Мы поражены; но во всяком случае — мы остановлены. Подавляя под святоотеческой страницей гнев в себе, загоняя его внутрь, мы пробегаем раз, мы пробегаем два статью богослова и философа наших дней и видим, что, предложив нам «успокоиться» и «спокойный» сам, он не вовсе беззаботен. «Довлея днесь» и, кажется, «не печась на утре», в осторожной и обдуманной статье он, отвлекаясь от Лимонария, поновляет венок на могиле Писарева («ясный, последовательный и замечательный писатель», стр. 145), пускает стрелу в г. Мережковского (стр. 146), соглашается и с г. Спасовичем, что Пушкин был в сущности пустой человек, и даже прибавляет, что он был лживый человек (стр. 136–137 и 150); но не противоречит и гг. Энгельгардту, Буренину и Розанову, что как поэт собственно он, правда, был велик. «Довлеет дневи злоба его»… Наши дела хорошо закончены, «округленно» закончены; а поэт? Ну, что поэт:

Я хочу сказать, что идея пассивного христианства имеет одну мучительную в себе сторону: «успокаивая» нас, она наконец оледеняет нас; мы становимся несколько похожи если не на «почивших» Лимонария св. Софрония, то на обыкновенную ледяную сосульку, и в таком виде не только говорим, думаем и чувствуем —

но, и живых принимая как бы за «спящих в гробе», «не печемся» о них и даже как-то их не совестимся. Чудовищный эгоизм, неслыханный холод отношений… да оглянемся же: все это — вокруг нас, это и есть зрелище обледенелой в сущности христианской цивилизации, где есть все в добродетели, но все — номинально; и если мы подумаем: да почему? — то источник этого и откроем именно в этом безнервном понимании христианства.

Без-нервное христианство… Да, но тайна, глубокая и великая, состоит в том, что основания для него имеются. Мы перебежим от статьи о Пушкине, принадлежащей перу зыбкому и колеблющемуся, к писателю твердому и глубокомысленному, хотя он не был ни «философом», ни «богословом». Это — Лесков; вот взгляд его, уже, очевидно, высказанный не под дуновением религиозно-поэтической «минутки», но сложившийся годами и, может быть, десятилетиями. Он высказан в прекрасном его рассказе «На краю света», в виде беседы одного старого архиерея о сравнительных достоинствах живописного изображения Спасителя на Западе и у нас.
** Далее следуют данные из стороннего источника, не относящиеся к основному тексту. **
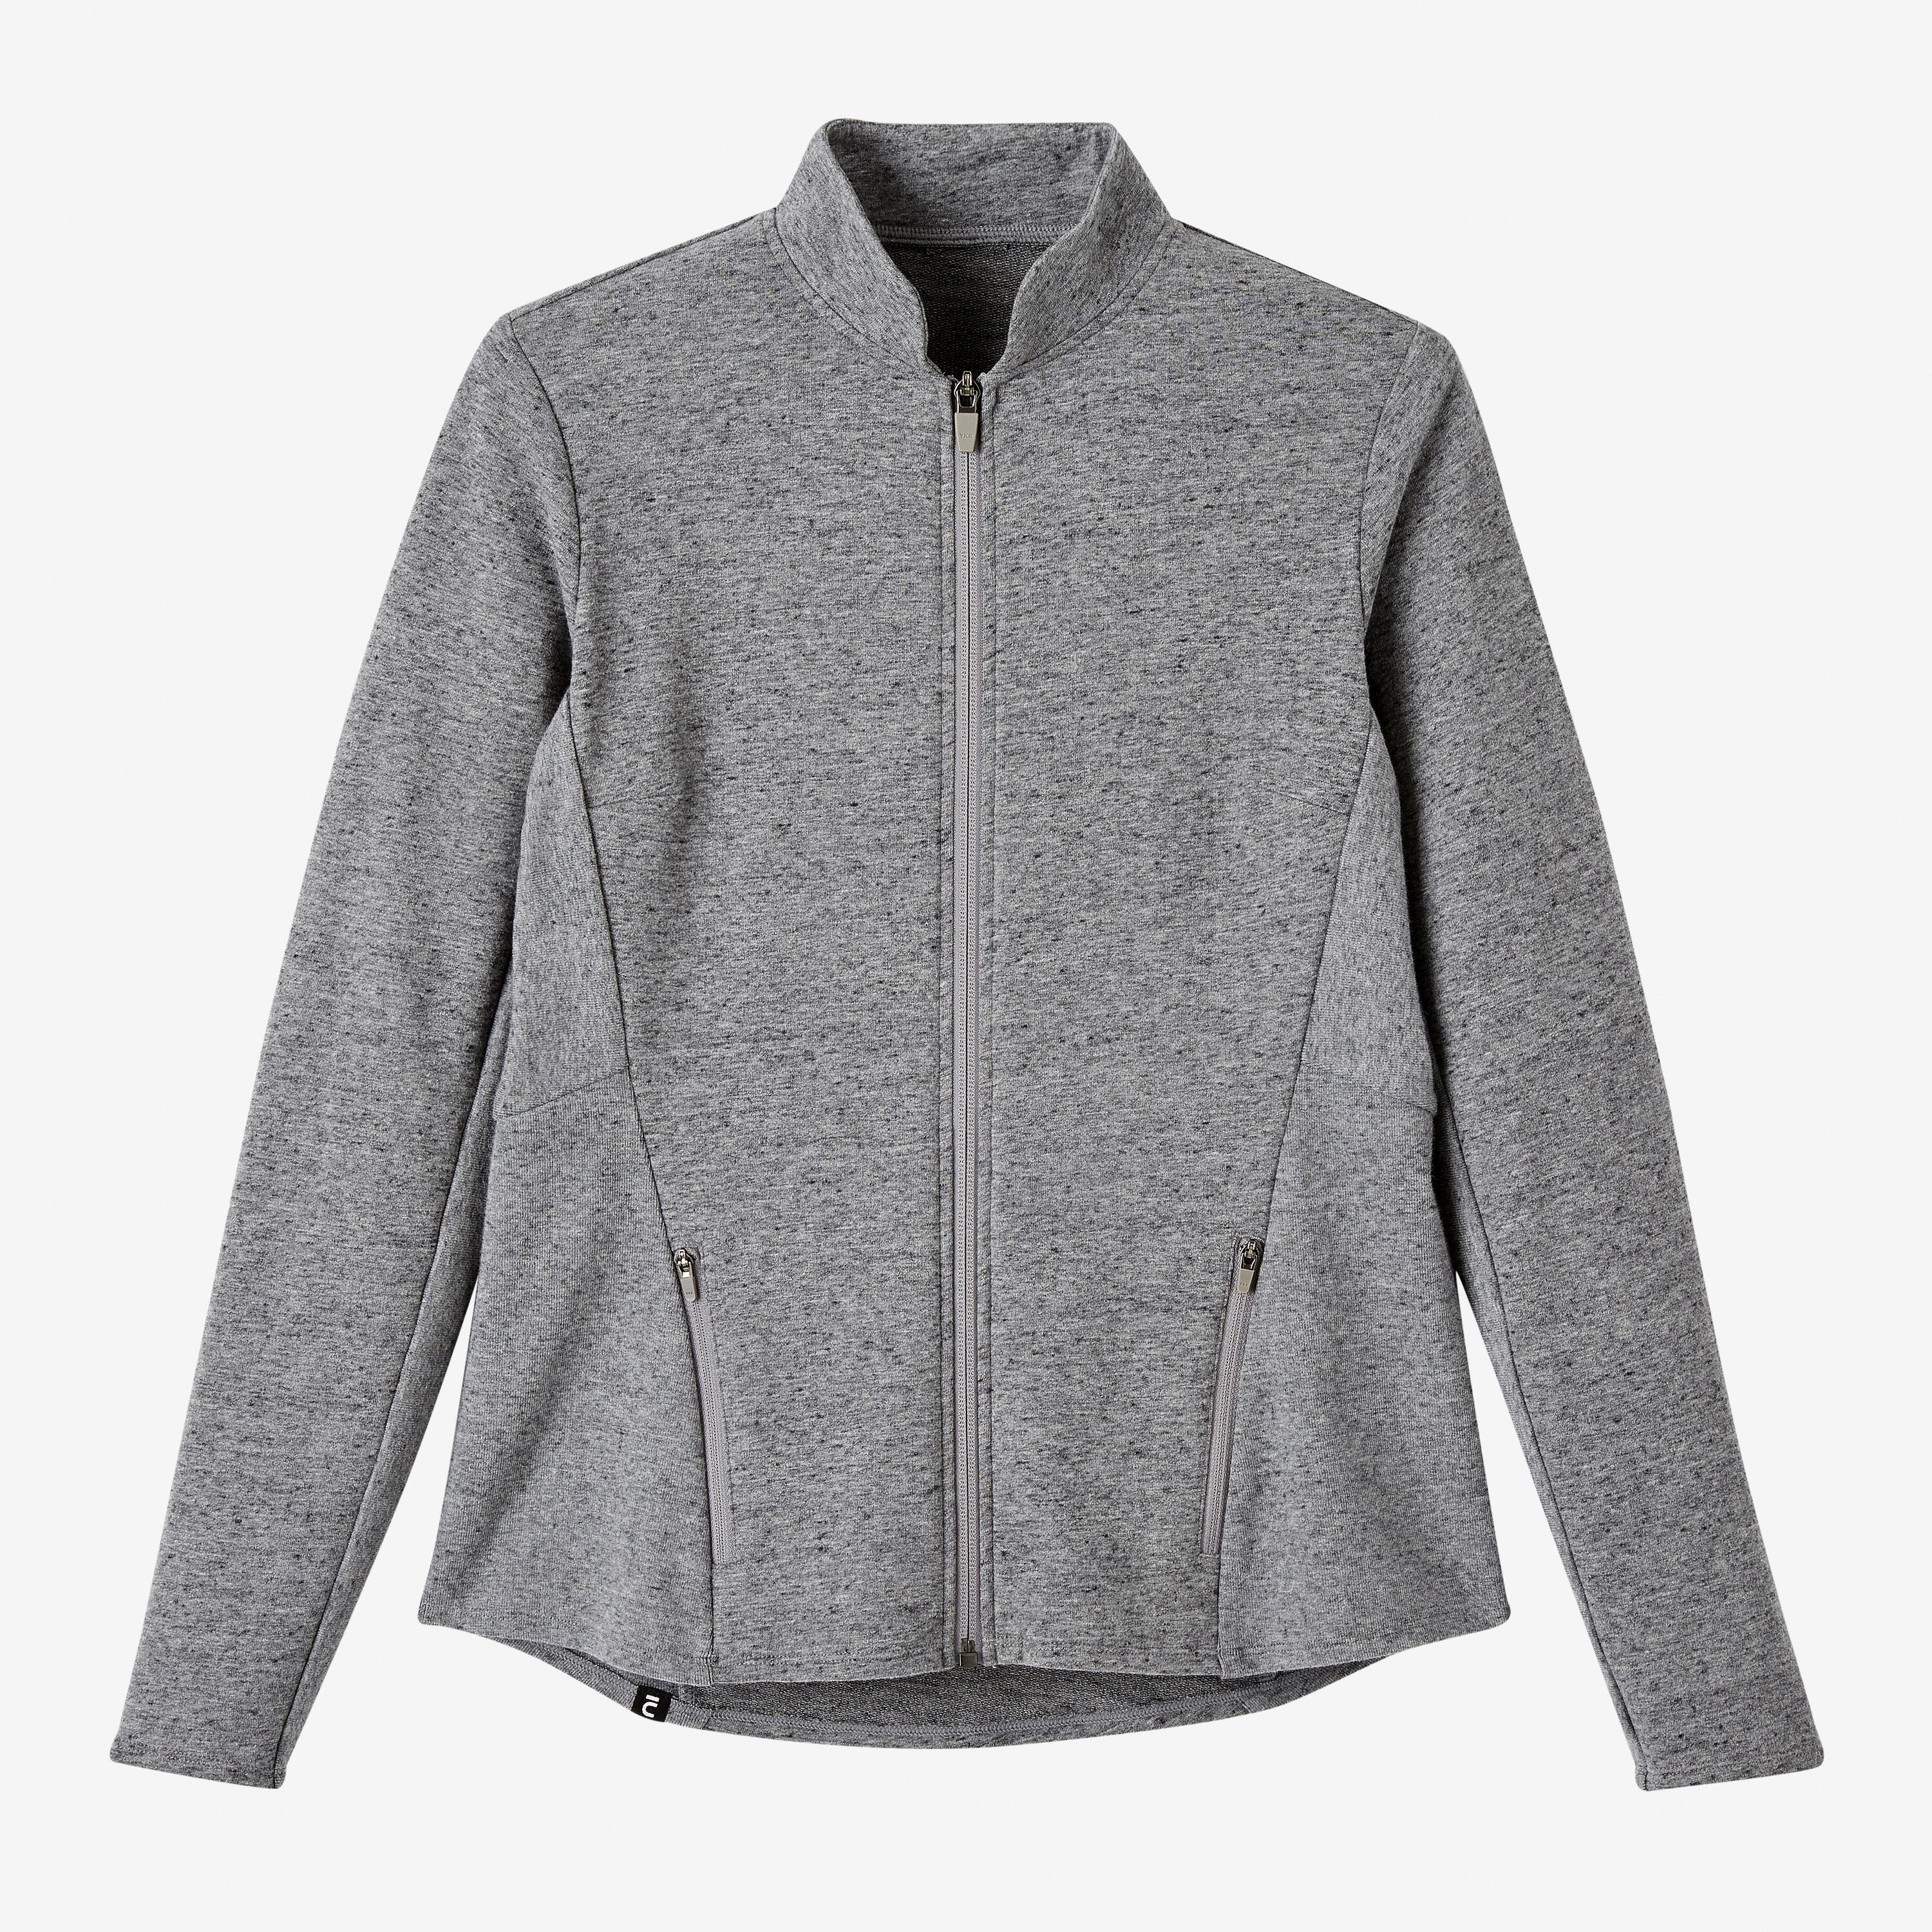 Women's Fitted High Neck Zipped Sweatshirt With Pocket 520 - Grey 7/7

Высоко-опытный епископ, в ряде тонких сопоставлений, имеет в виду приблизиться к идеалу понимания Лика; но мы чувствуем, что тут есть и больше: усилие уловить незамутившуюся истину самого христианства. Идет не «спор» — этот термин отверг епископ, а «беседа»; и мы приведем весь диалог, с подаваемыми старцу репликами.
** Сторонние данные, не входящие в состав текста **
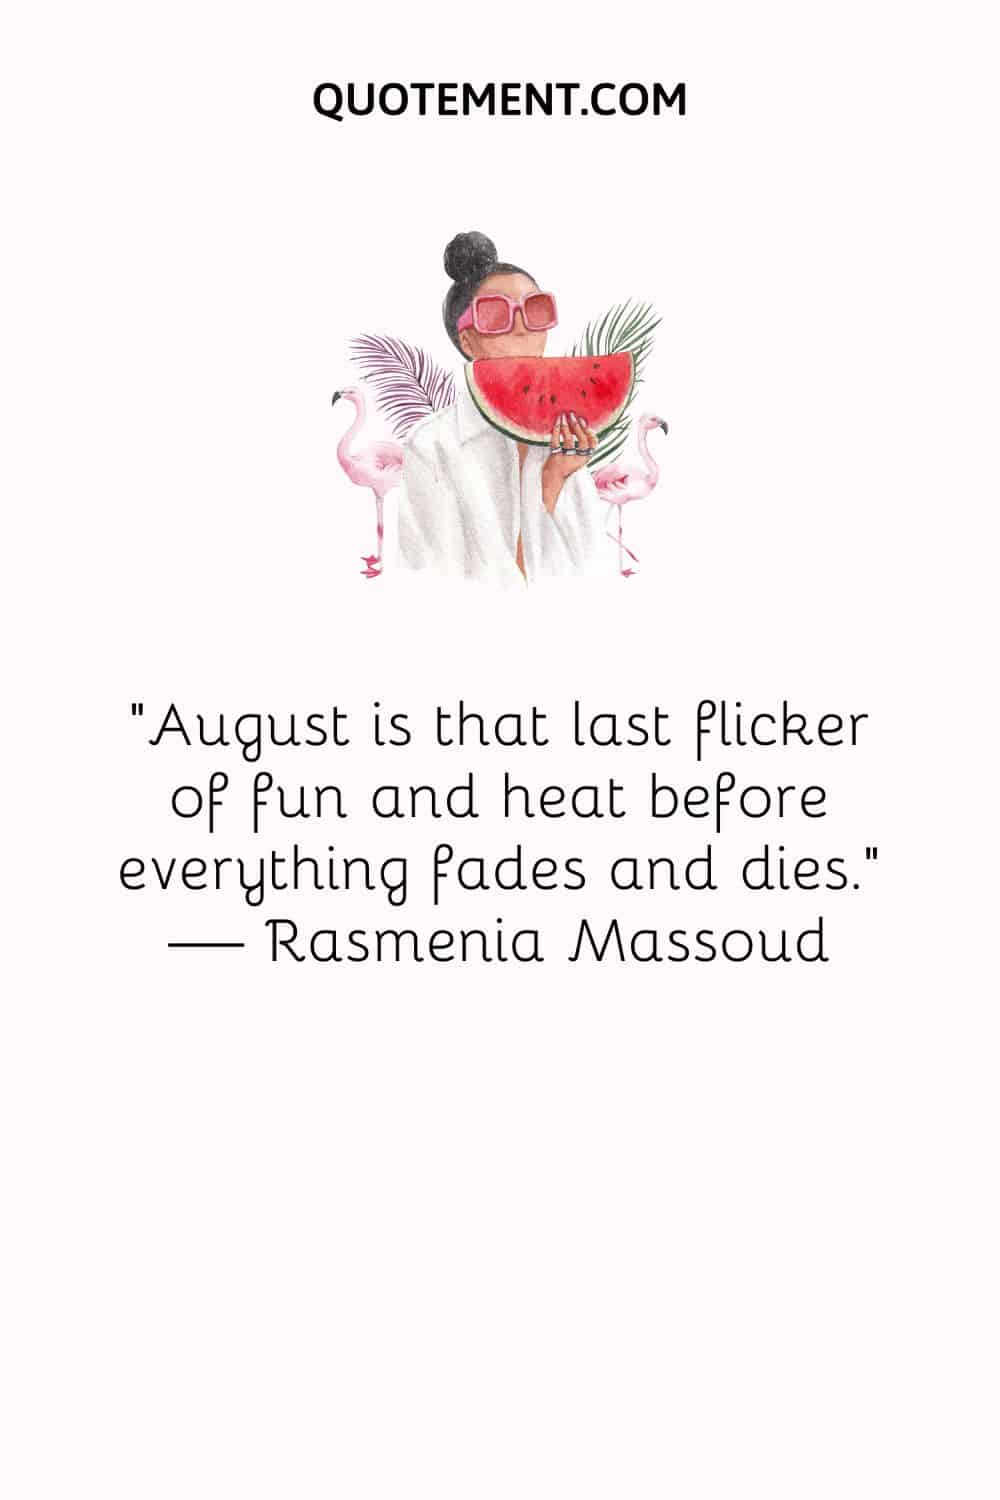 August is that last flicker of fun and heat before everything fades and dies

«Епископ взял со стола большой, богато украшенный резьбою из слоновой кости альбом и, раскрыв его, сказал:

— Вот наш Господь! Зову вас посмотреть! здесь я собрал много изображений Его лица. Вот Он сидит у кладезя с женой самаритянской — работа дивная; художник, надо думать, понимал и лицо, и момент.



— Да, мне тоже кажется, владыко, что это сделано с понятием, — отвечал собеседник.

— Однако нет ли здесь в Божественном лице излишней мягкости? Не кажется ли вам, что Ему уж слишком все равно, сколько эта женщина имела мужей и что нынешний муж ей не муж?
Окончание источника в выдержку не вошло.